BRIEF: Drop the images; return everything else in the listing below exactly.

SUPPLIED DATA:
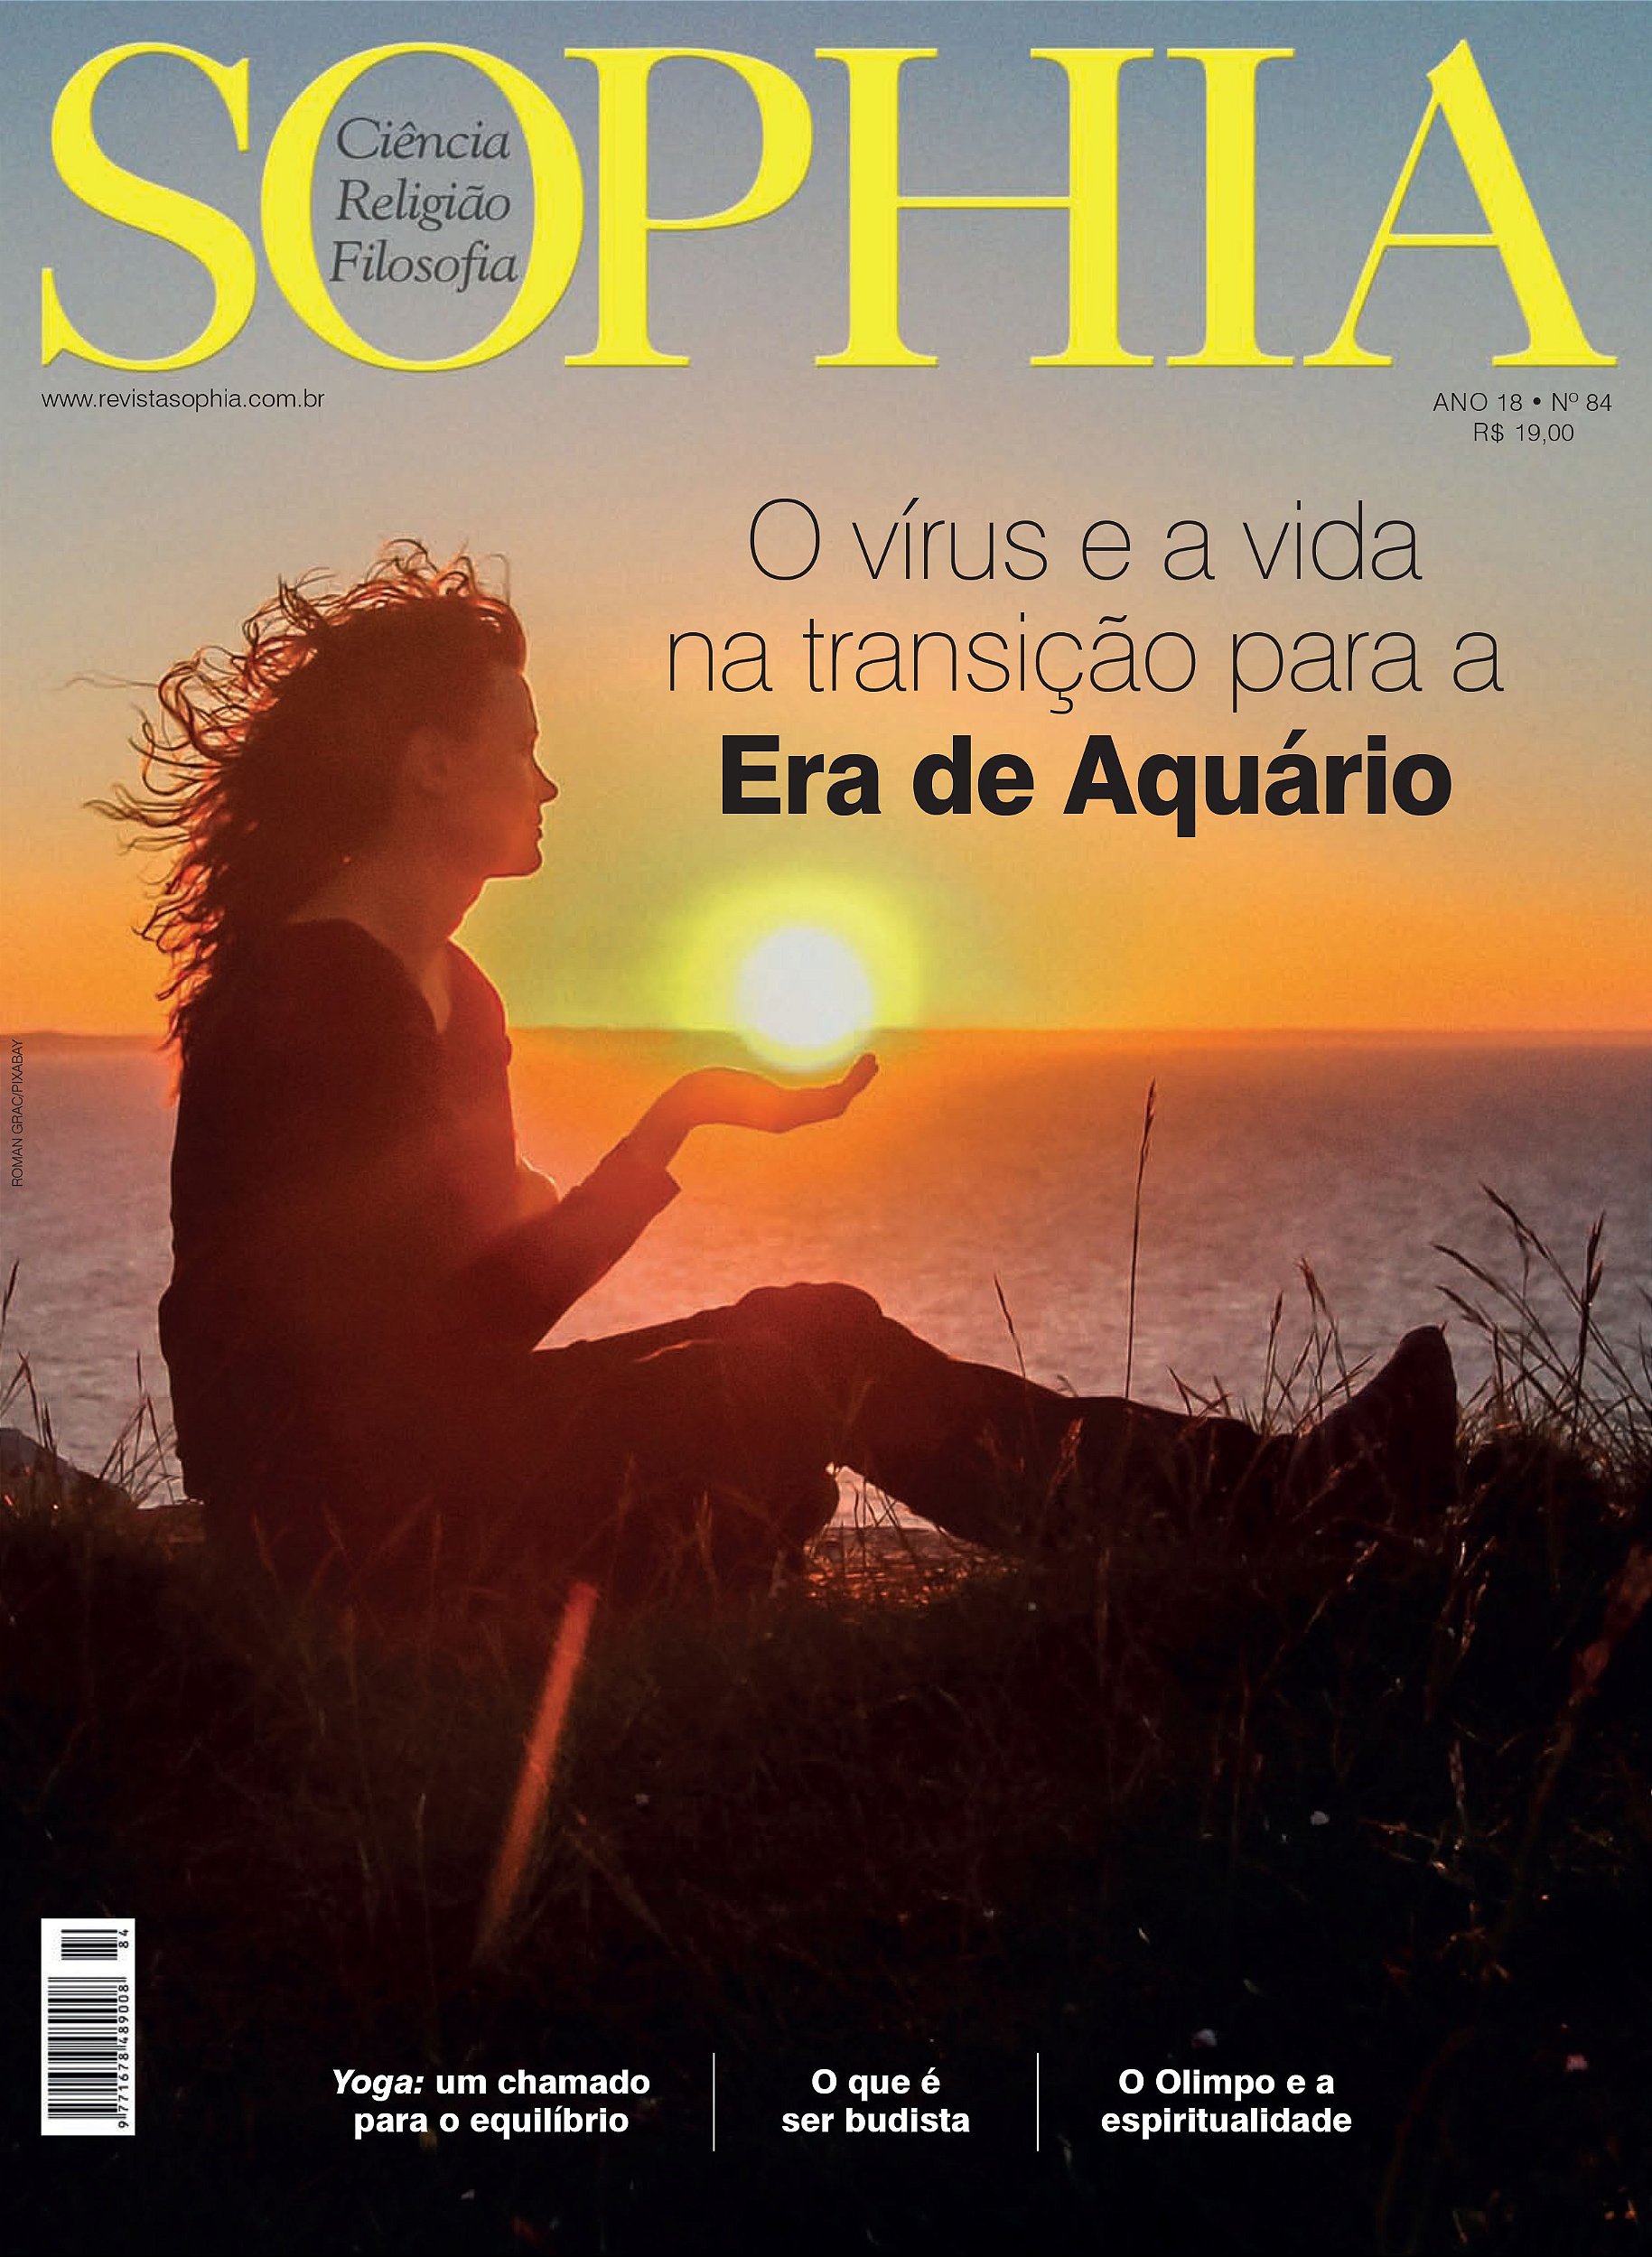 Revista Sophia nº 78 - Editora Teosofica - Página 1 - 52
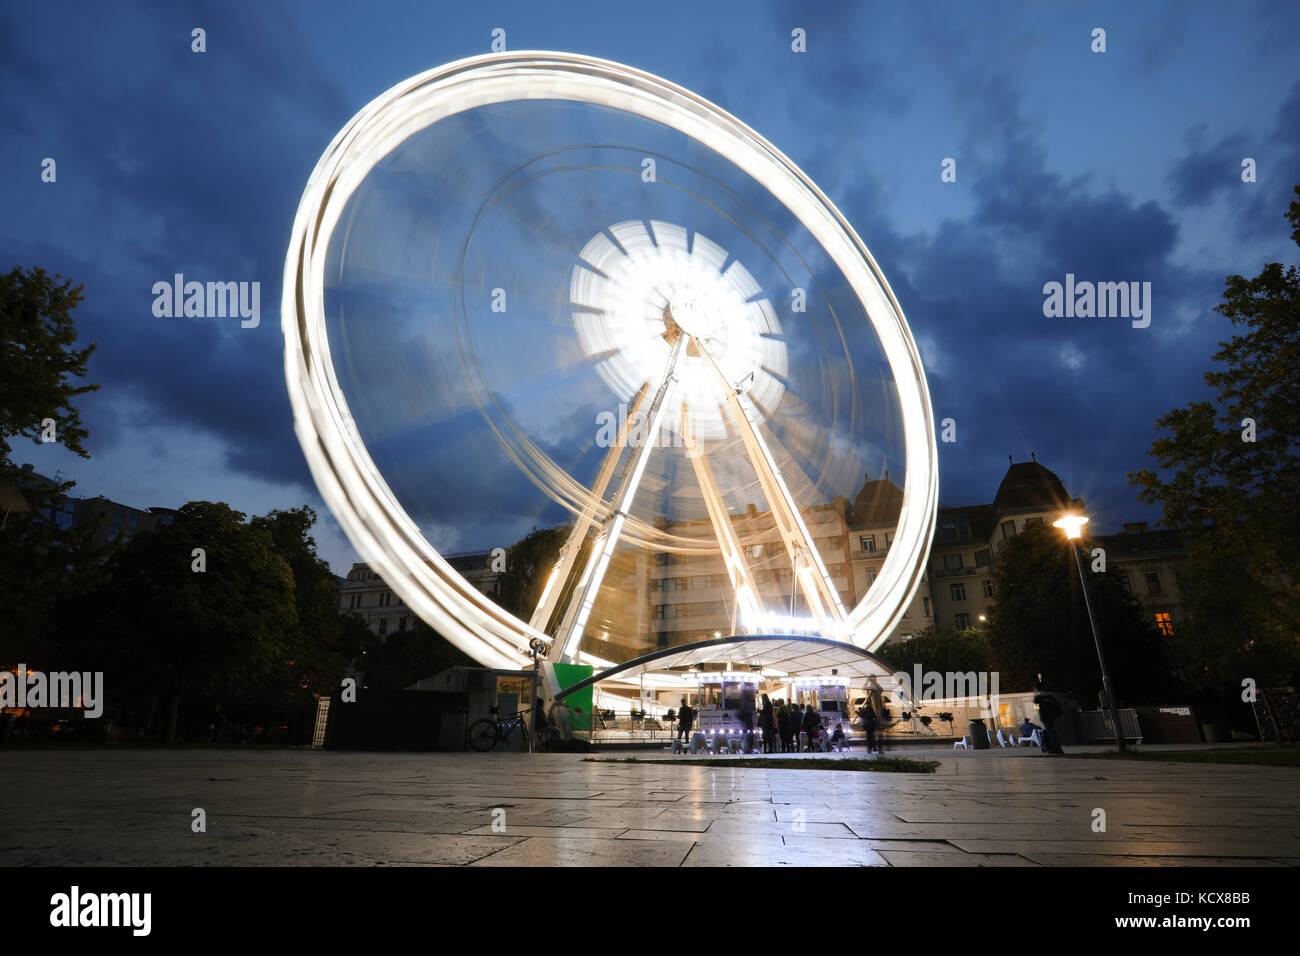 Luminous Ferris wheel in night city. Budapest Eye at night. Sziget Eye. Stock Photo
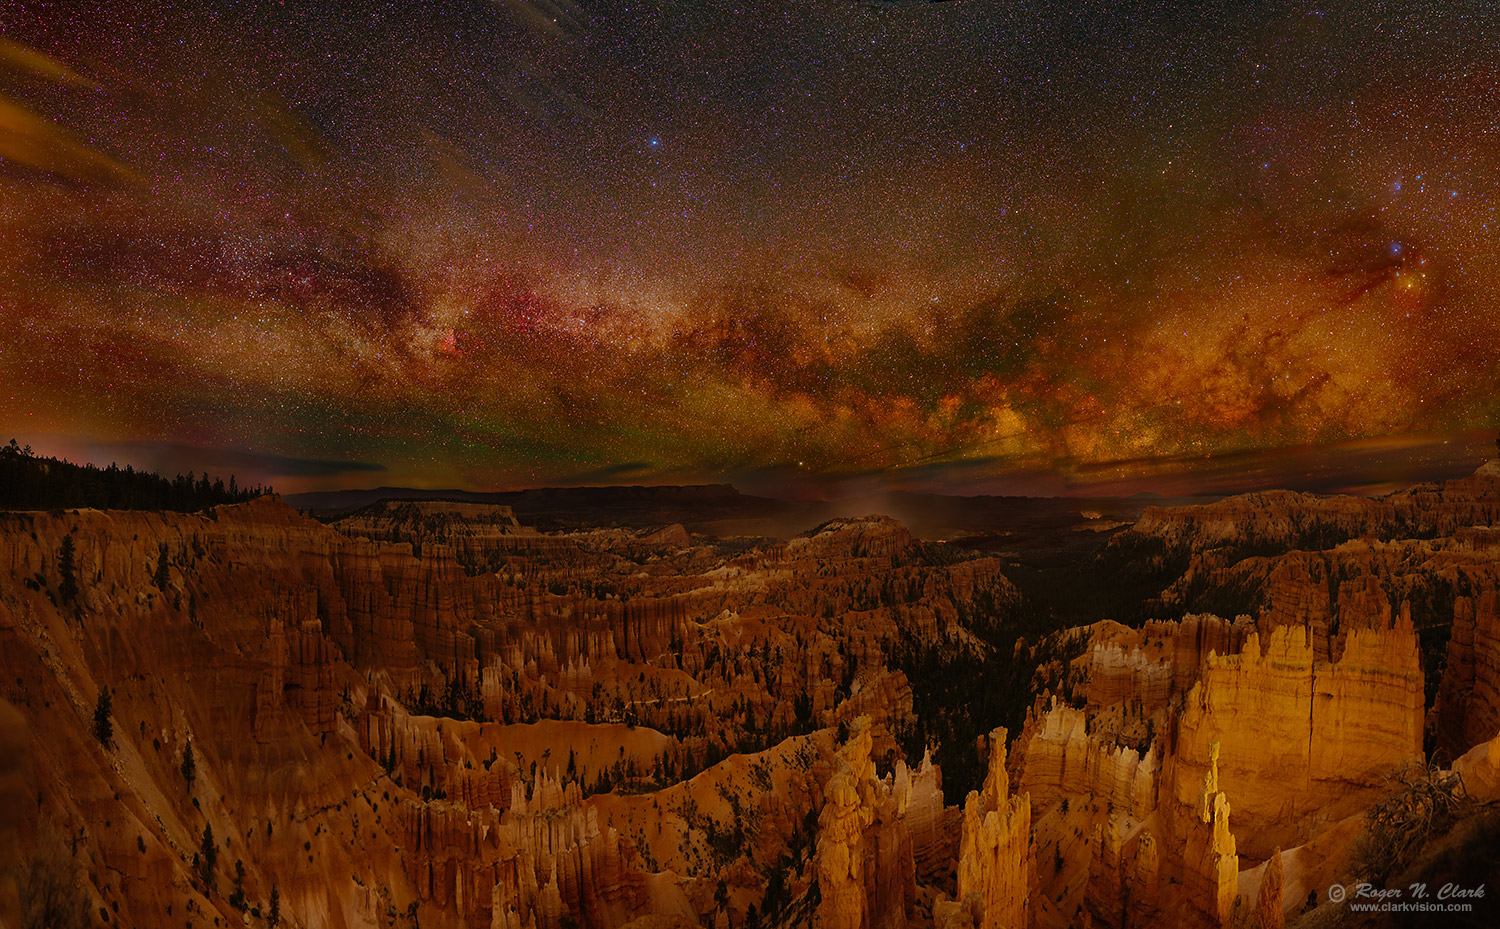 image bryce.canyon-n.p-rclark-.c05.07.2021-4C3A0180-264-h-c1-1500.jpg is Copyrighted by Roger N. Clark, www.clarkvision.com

OUTPUT FOR THIS TASK:
 Revista Sophia nº 78 - Editora Teosofica - Página 1 - 52
 Luminous Ferris wheel in night city. Budapest Eye at night. Sziget Eye. Stock Photo
 image bryce.canyon-n.p-rclark-.c05.07.2021-4C3A0180-264-h-c1-1500.jpg is Copyrighted by Roger N. Clark, www.clarkvision.com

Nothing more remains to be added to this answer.